Бухарин однажды удачно подметил, что падение самодержавия застало врасплох не только тех, кто падал, но и тех, кто валил[374]. Синяки и шишки, полученные в результате падения, оказались весьма болезненными. В те дни свобода нередко понималась как вседозволенность. Так, известный обществовед, видный представитель эсеровской партии Питирим Сорокин в Автобиографии приводит один из потрясших его эпизодов, произошедших вскоре после отречения царя. «Проходя мимо здания недалеко от Бестужевских курсов, – рассказывает он, – я видел толпу, хохочущую и непристойно жестикулирующую. В подворотне на глазах у зевак совокуплялись мужчина и женщина. “Ха, ха, – смеялись в толпе, – поскольку свобода, всё позволено”»[375]. Как пишут некоторые современные авторы, подобные шокирующие смиренного обывателя эксцессы в революционной повседневности вовсе не выглядели чем-то исключительным[376]. За разрушением прежней морали и полицейских участков последовал естественный рост преступности. Ответом улицы становятся самосуды, зверские расправы – ещё один элемент смутного времени. Интересные замечания на этот счёт содержатся в «Несвоевременных мыслях» Максима Горького, которые тот печатал в своей газете «Новая жизнь». Он писал: «За время революции насчитывается уже до 10 тысяч “самосудов”. Вот как судит демократия своих грешников: около Александровского рынка поймали вора, толпа немедленно избила его и устроила голосование: какой смертью казнить вора: утопить или застрелить? Решили утопить и бросили человека в ледяную воду. Но он кое-как выплыл и вылез на берег, тогда один из толпы подошел к нему и застрелил его…». Или другой эпизод: «Солдаты ведут топить в Мойке до полусмерти избитого вора, он весь облит кровью, его лицо совершенно разбито, один глаз вытек. Его сопровождает толпа детей; потом некоторые из них возвращаются с Мойки и, подпрыгивая на одной ноге, весело кричат: “Потопили, утопили!” Это – наши дети, будущие строители жизни…»[377].
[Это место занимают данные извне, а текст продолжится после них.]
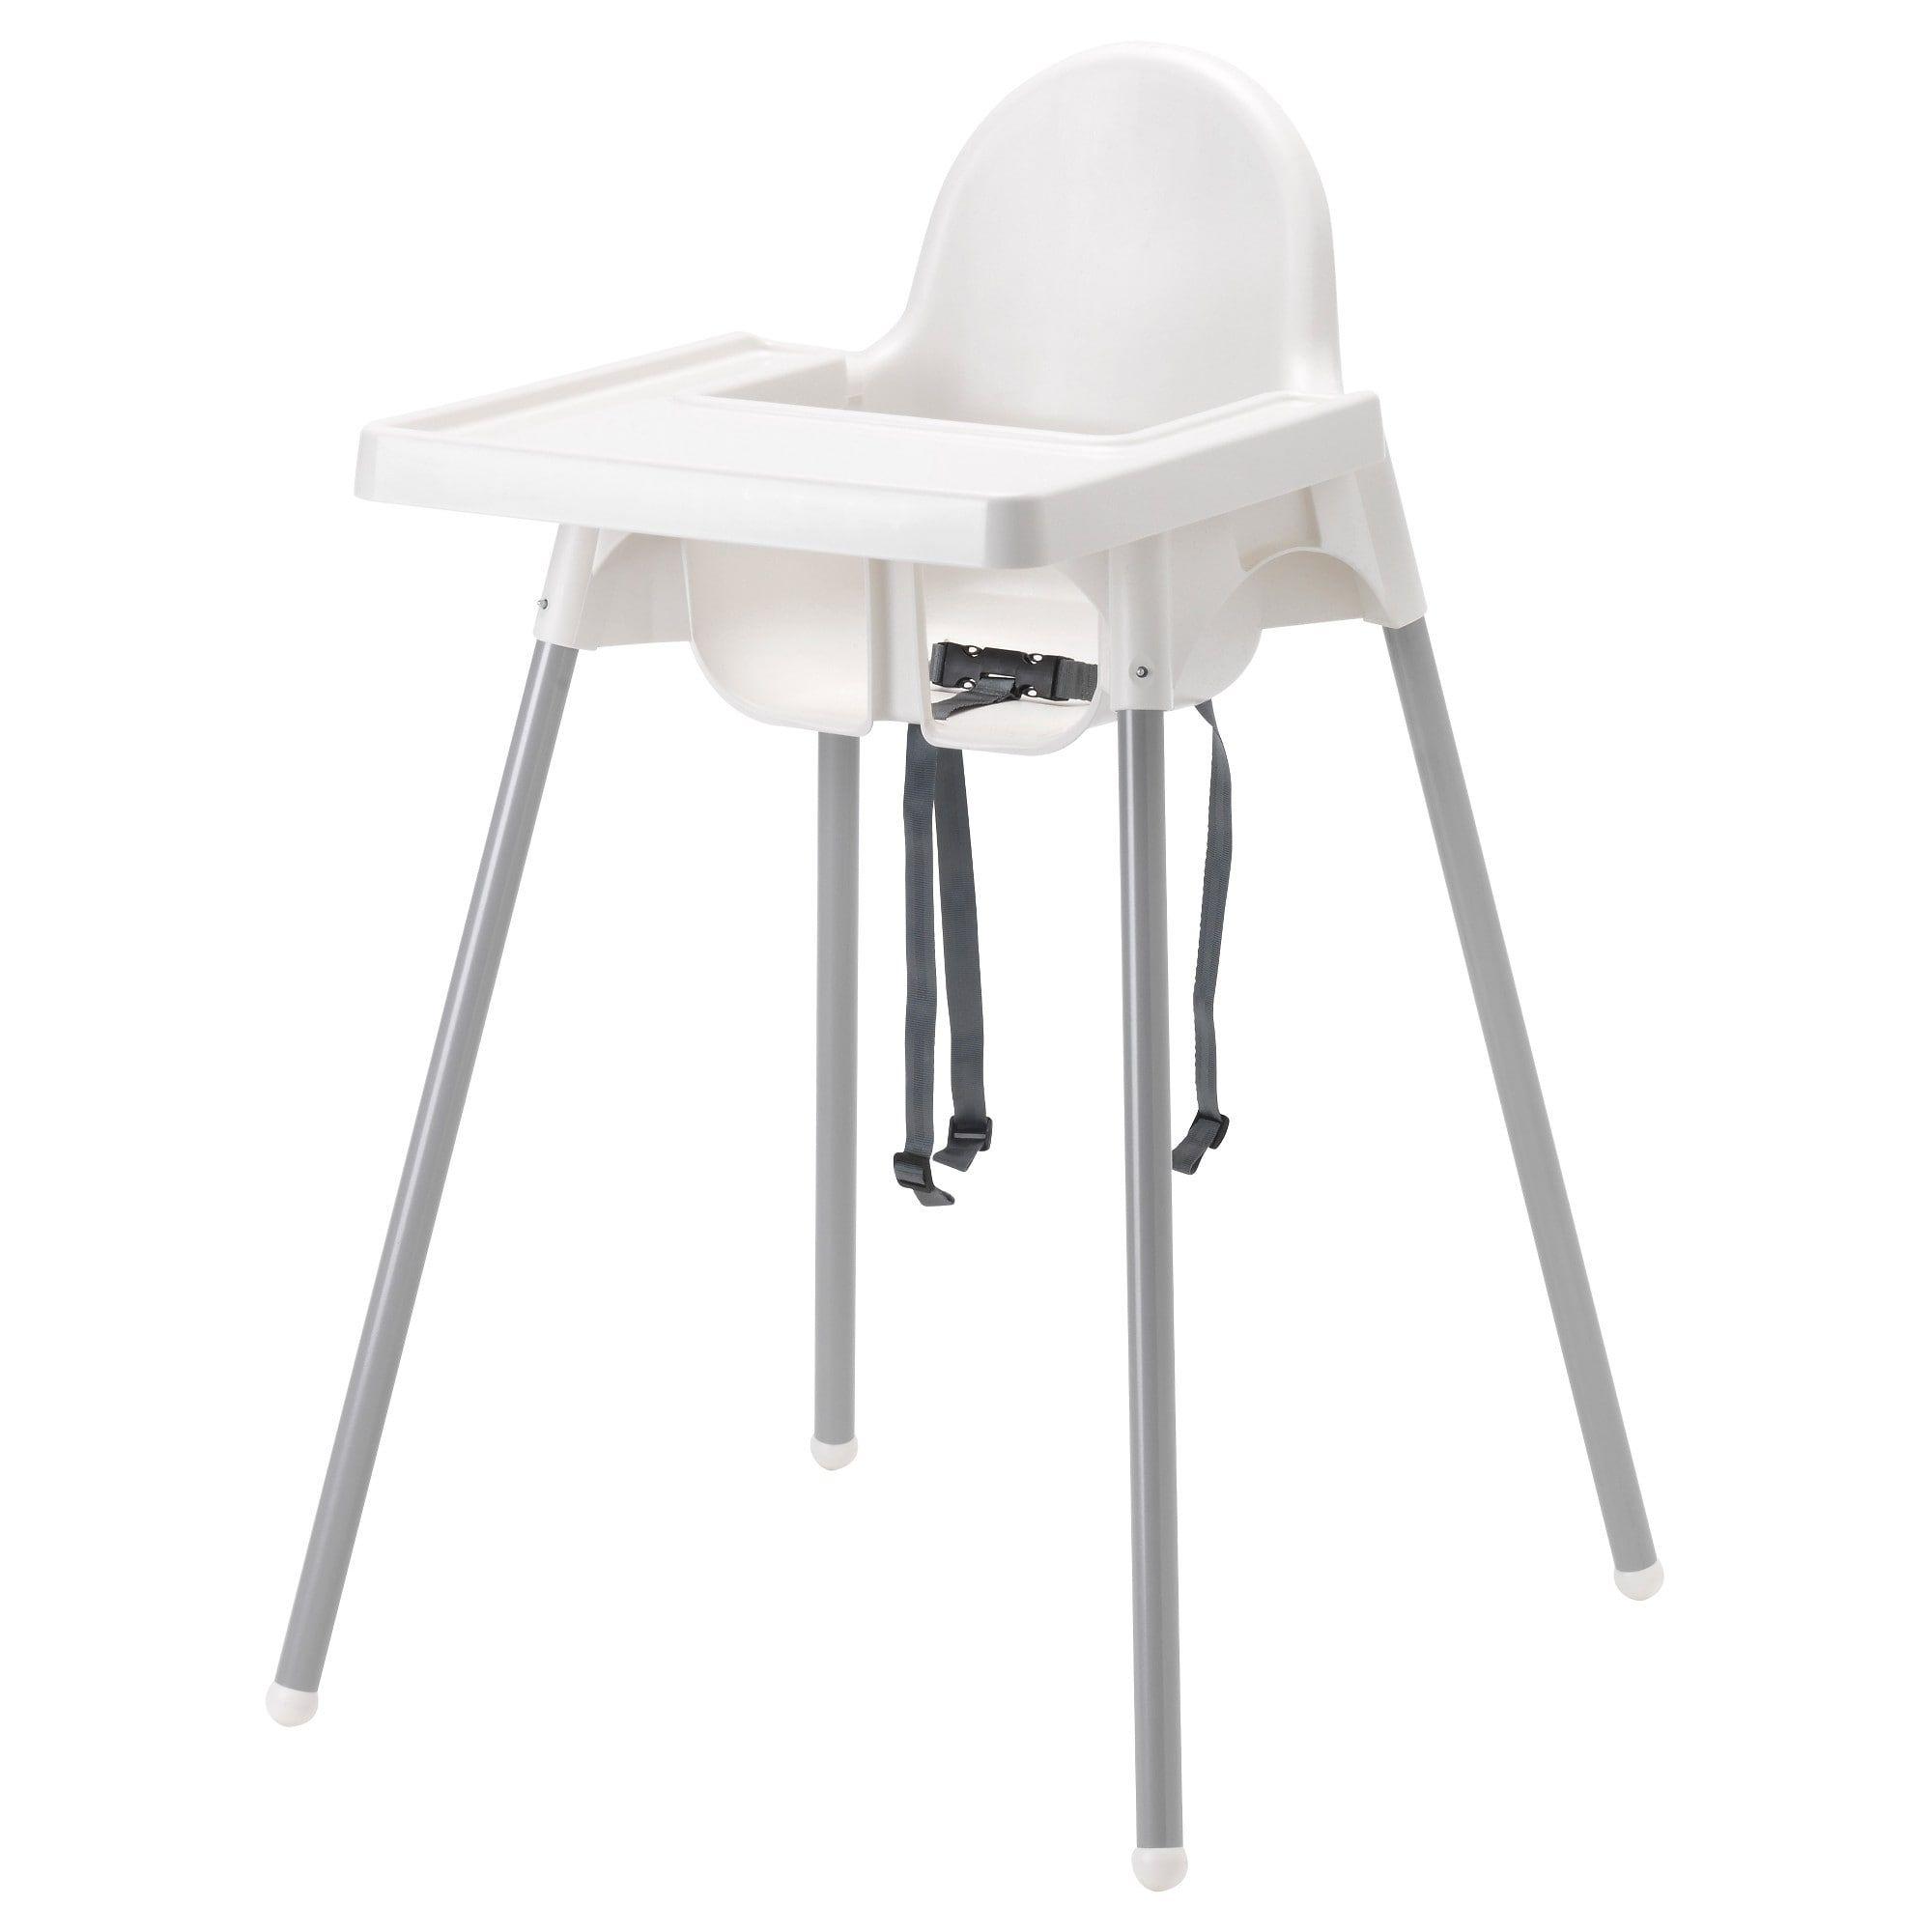 Acquista tra un'ampia scelta di materiali! Antilop High Chair With Tray White Silver Color Silver Color Ikea Ikea High Chair Antilop High Chair Best High Chairs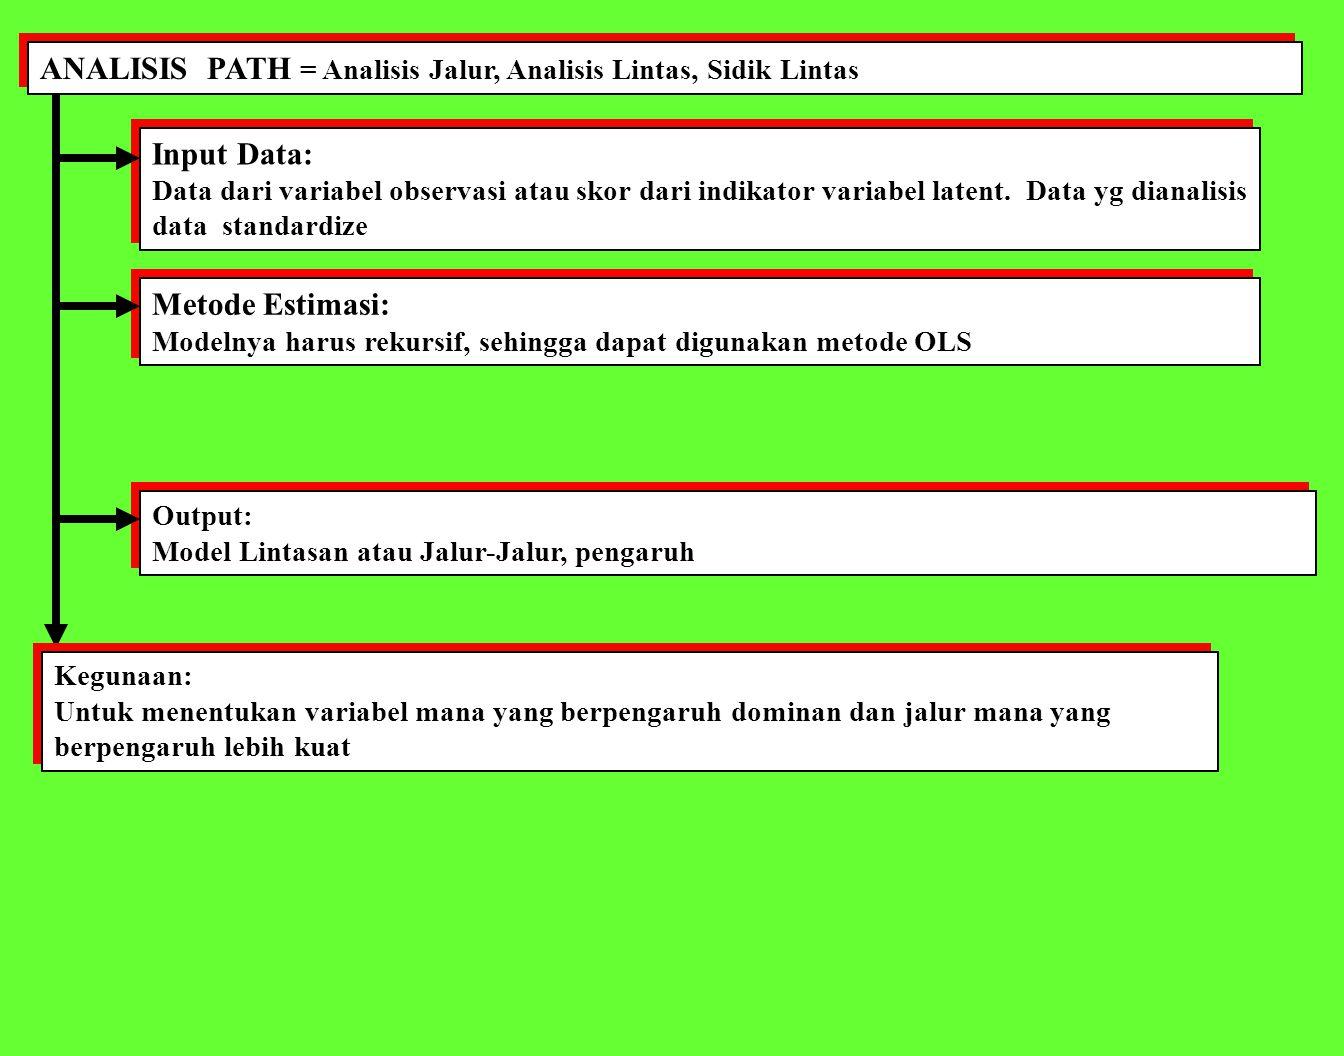 ANALISIS PATH = Analisis Jalur, Analisis Lintas, Sidik Lintas

В тяжёлом состоянии оказалось народное хозяйство. Если при императорской власти худо-бедно удавалось сохранять экономику на плаву, то новым властям эта задача оказалась не по плечу. Подвергший глубокому анализу ситуацию тех месяцев тольяттинский исследователь М. С. Ельчанинов пришёл к выводу, что при всех составах Временного правительства системный кризис в России развивался с ускорением, а общество погружалось в состояние хаоса несмотря на робкие попытки властей остановить лавинообразный процесс разрушения экономики при помощи безудержного славословия в адрес «абстрактной демократии»[378]. В промышленности сокращение производства по сравнению с уровнем предшествующего года составляло около 40 %. Особенно болезненный удар пришёлся по базовым отраслям производства. Выпуск железа и стали за рекордно короткое время упал с 246,5 млн пудов до 155,5 млн пудов, выплавка чугуна – с 282,9 млн до 190,5 млн, производственная мощность доменных печей в 1917 году использовалась лишь на 54 %. Стремясь сохранить прибыль, владельцы предприятий шли на их закрытие и массовые локауты, что вело к увеличению безработицы[379].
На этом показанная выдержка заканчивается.